Magnus Resch, Image courtesy of Magnus Resch.

Magnus Resch, PhD, is one of the world’s leading experts in art management. He lectures art management at Yale School of Management, and is a serial entrepreneur and bestselling book author. In 2019, he launched Magnusclass, the world’s leading online class for artists and new collectors. The class offers two courses: One for artists to help them become successful, and the other for everyone who wants to start an art collection. 

This week, The Artling had the opportunity to speak to Magnus on this new online class, his inspirations behind it and his vision of the perfect art world.


You have just released a new online class “How To Start An Art Collection". Tell us what it is about.

My new class “MagnusClass - How To Start An Art Collection” www.magnusclass.com is a must-have online class for everyone who wants to build an art collection – on any budget and in any city. New collectors learn how to identify artists to invest in, how to spot fakes, how to work with art advisors, and how to find galleries to trust. I suggest avenues to begin when just starting out. I also cover questions on NFTs, their value and blockchain technology. 

What inspired you to create this class?

The art market is complex, opaque, and difficult to understand for outsiders. My course breaks down this complexity and presents new collectors with not only an expert view on the market, but a practical one. I am convinced that after taking this class, my students will feel confident to start their own collection – on any budget and in any city.

You’re known for your belief in following data – it drives your course. You have interviewed some heavyweight key collectors, practitioners and market experts to get it. Who are they?

The class is based on a triangle of sources. First, my own experience as a Professor of Art Management: I have been teaching for 10 years at Ivy League Universities. Second, data research – in 2018 I published a paper in Science Magazine, the world’s leading academic journal. Over 80 newspapers picked it up and wrote about it because it’s the first academic research that reveals what makes an artist a good investment. My new course is based on the same data research. And a third source is expert interviews with the world’s premier art market experts. Lisa Schiff, one of the world’s leading art advisors, explains how she selects artists; superstar collectors and private museum owners Don & Mera Rubell explain how they started their collection; mega collectors Susan and Michael Hort discuss what they look for in an artist and share their buying strategies. There are many more. The Who’s Who of the art world participated.

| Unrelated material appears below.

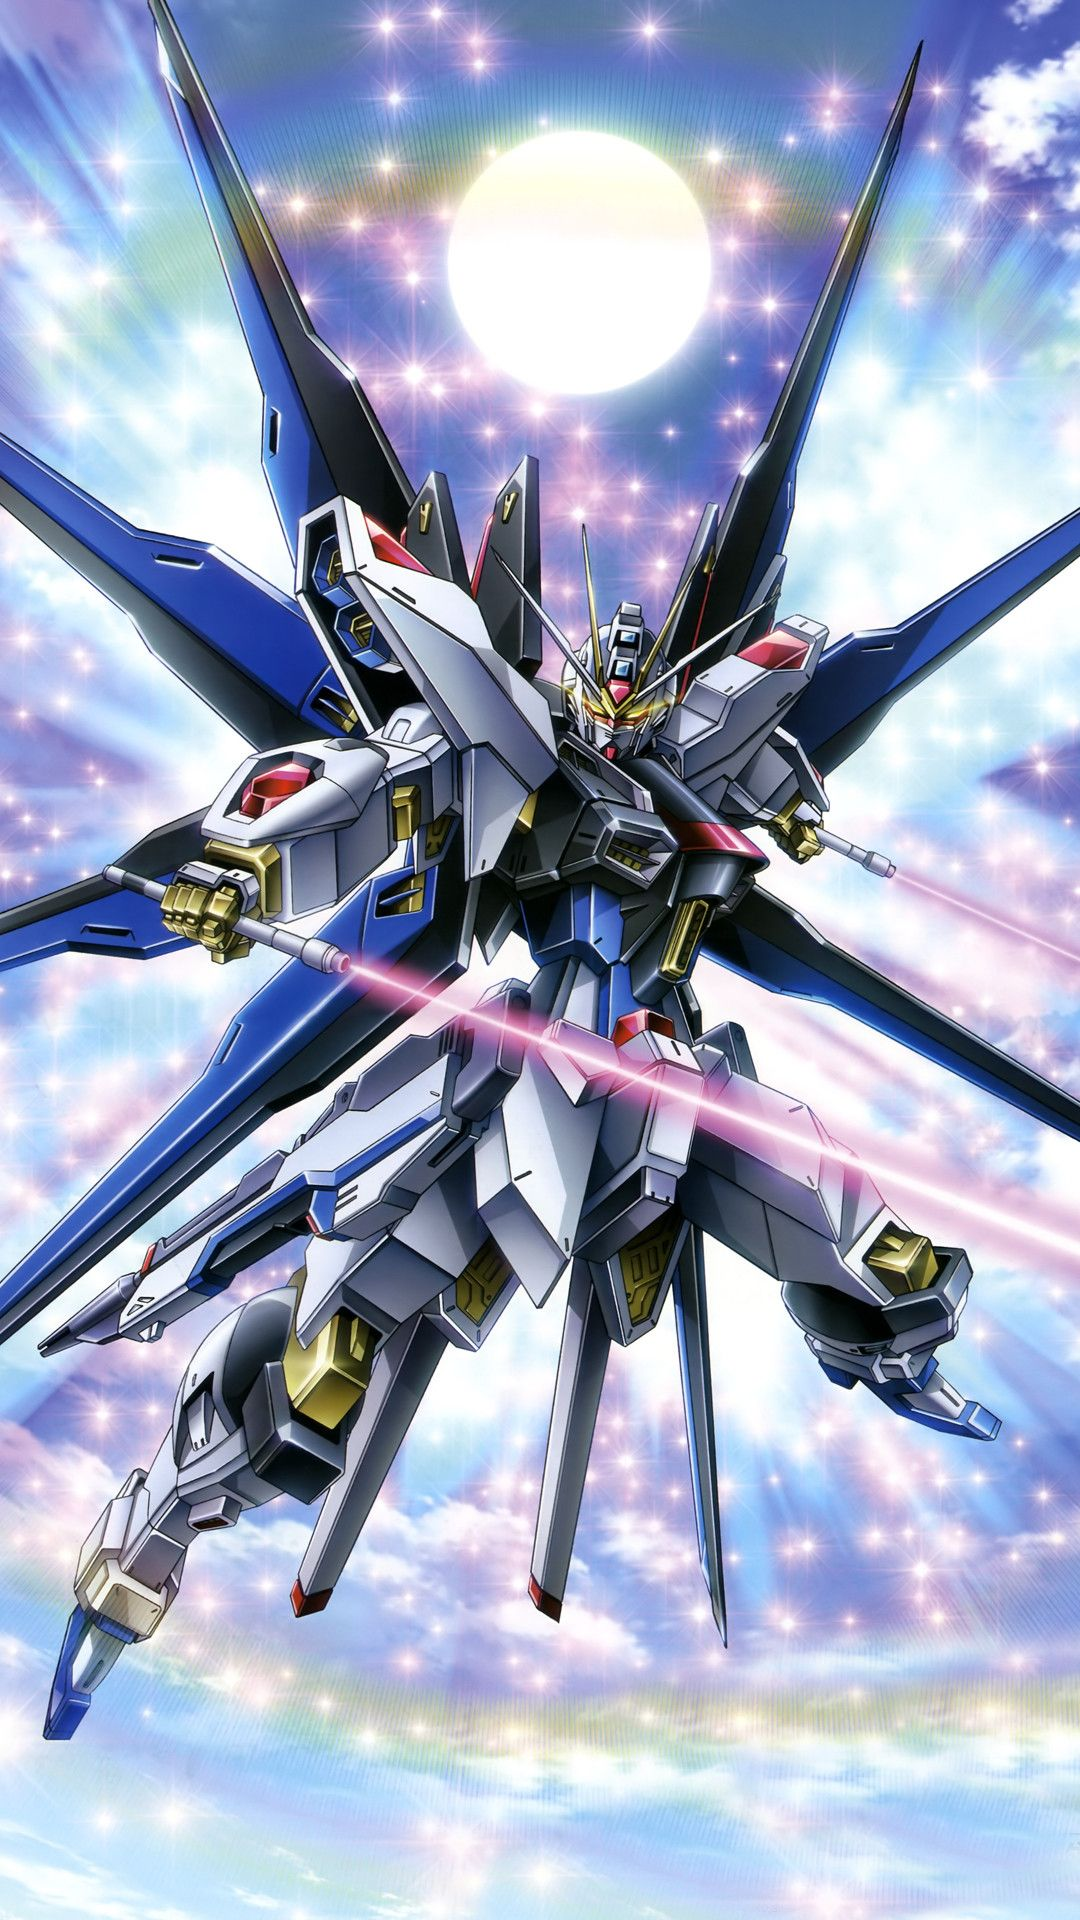 Res 1080x1920, Gundam HD Wallpapers in 2020 Gundam

If you had to hand-pick one single piece of practical advice from your online class for new collectors, what would it be?

From talking to the world’s leading 200 collectors, one key theme always came up: you need to see as much art as possible and you need to talk to as many people as possible. Collecting art means going to galleries, fairs, museums and so on. My course explains where to start, how to select the right gallerists to talk to, which art fairs to visit, and how to find great artists. I want to help new collectors to use their time efficiently and spend money wisely.

How has the pandemic changed the behavior of collectors?

It hasn’t, really. Of course, we see an increase in online sales, online viewing rooms and online art fairs. But essentially, it’s still the same trading platforms and players – but now more online. After the pandemic, this will switch back and the proportion of online sales will decrease again.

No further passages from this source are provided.